Psychological and social problems arise when a child grows up with too many images of a disapproving face stored in the brain centres that store implicit memory, without the subsequent images of a soothing and reassuring adult. A child that lacks these positive images, stored in his emotional memory centres, is at risk of slipping into depression, becoming overly inhibited, or defensively hostile.
From the earliest moments of life, parental nurturance shapes the child’s emotional makeup, literally altering the course of brain- growth. One of the key elements of secure parentchild attachment is affectionate eye-contact.
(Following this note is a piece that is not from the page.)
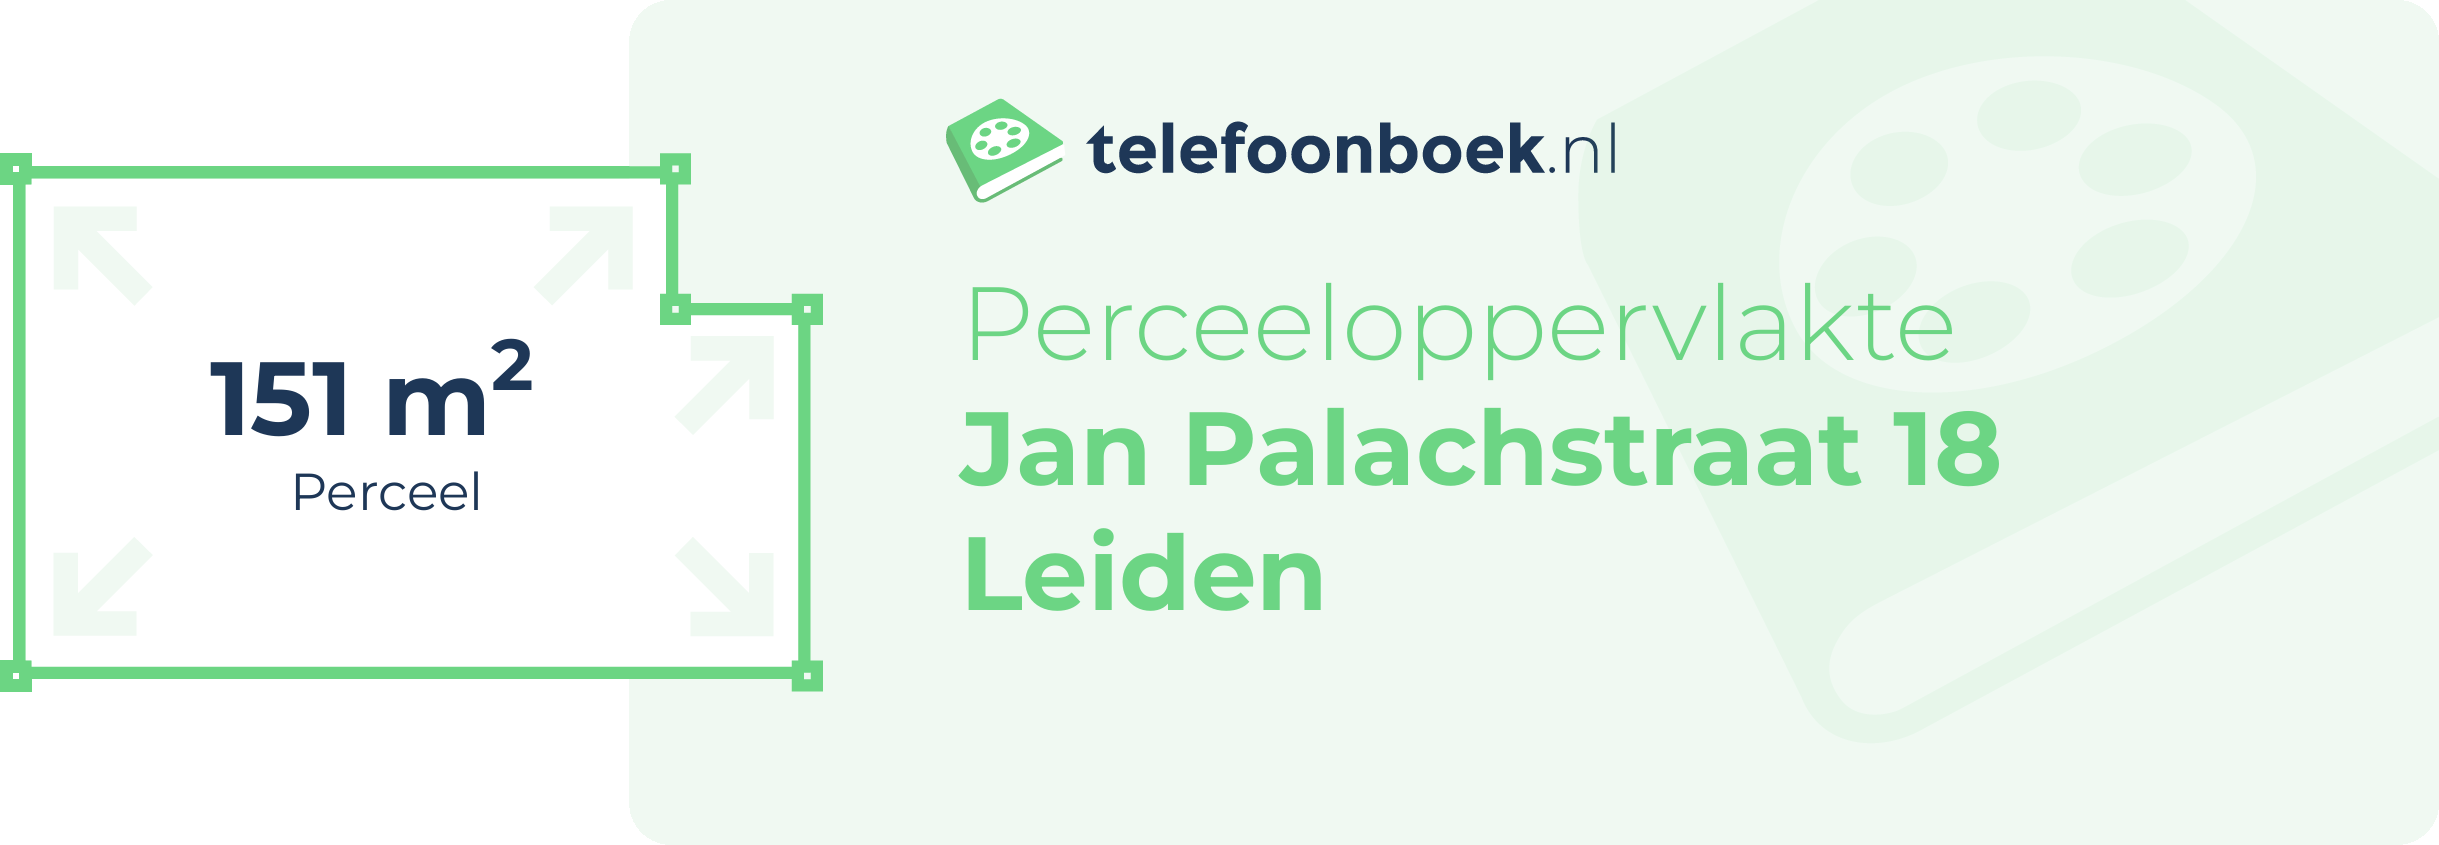 Perceeloppervlakte Jan Palachstraat 18 Leiden

A parent’s sustained, loving gaze and smile suffuses infants with indescribable joy. What ensues is a cascade of dopamine, endogenous opioids, enkephalins and endo rphins in the baby’s brain – all feel-good chemicals associated with loving relations. This joy-precipitated surge of brain chemicals promotes the maturation of precise regions of the cortex, which are concerned with healthy regulation of emotion later in life. Every baby requires this kind of nourishing experience regularly and frequently, for healthy brain development.
By the end of the first year, the infant has stored an internal representation of her mother’s loving face in the area connecting the anterior temporal and the orbitofrontal cortices. These images, though rarely consciously remembered, form the basis for an internal working model of relationships. It is as if the child has filed a video-clip of her mother in her brain’s ‘hard-disk’. Hencefo rth, these inner representations will animate her core emotional responses, forming the basis of her fundamental relationship style.
When she feels her emotional needs are consistently attended to, this engenders in the child an enduring expectation of a supportive world. This attitude is pervasive and unconscious, and it inclines the child toward friendly and considerate behaviour.
Just as we might not remember learning to walk, yet our legs and feet seem to play their parts perfectly, some of our most pivotal lessons in human relations were learnt at a time that our bodies, but not our minds, can remember. The greatest gift in these discoveries is the knowledge that every loving moment we share with our children, from the very beginning, will stay with them for life.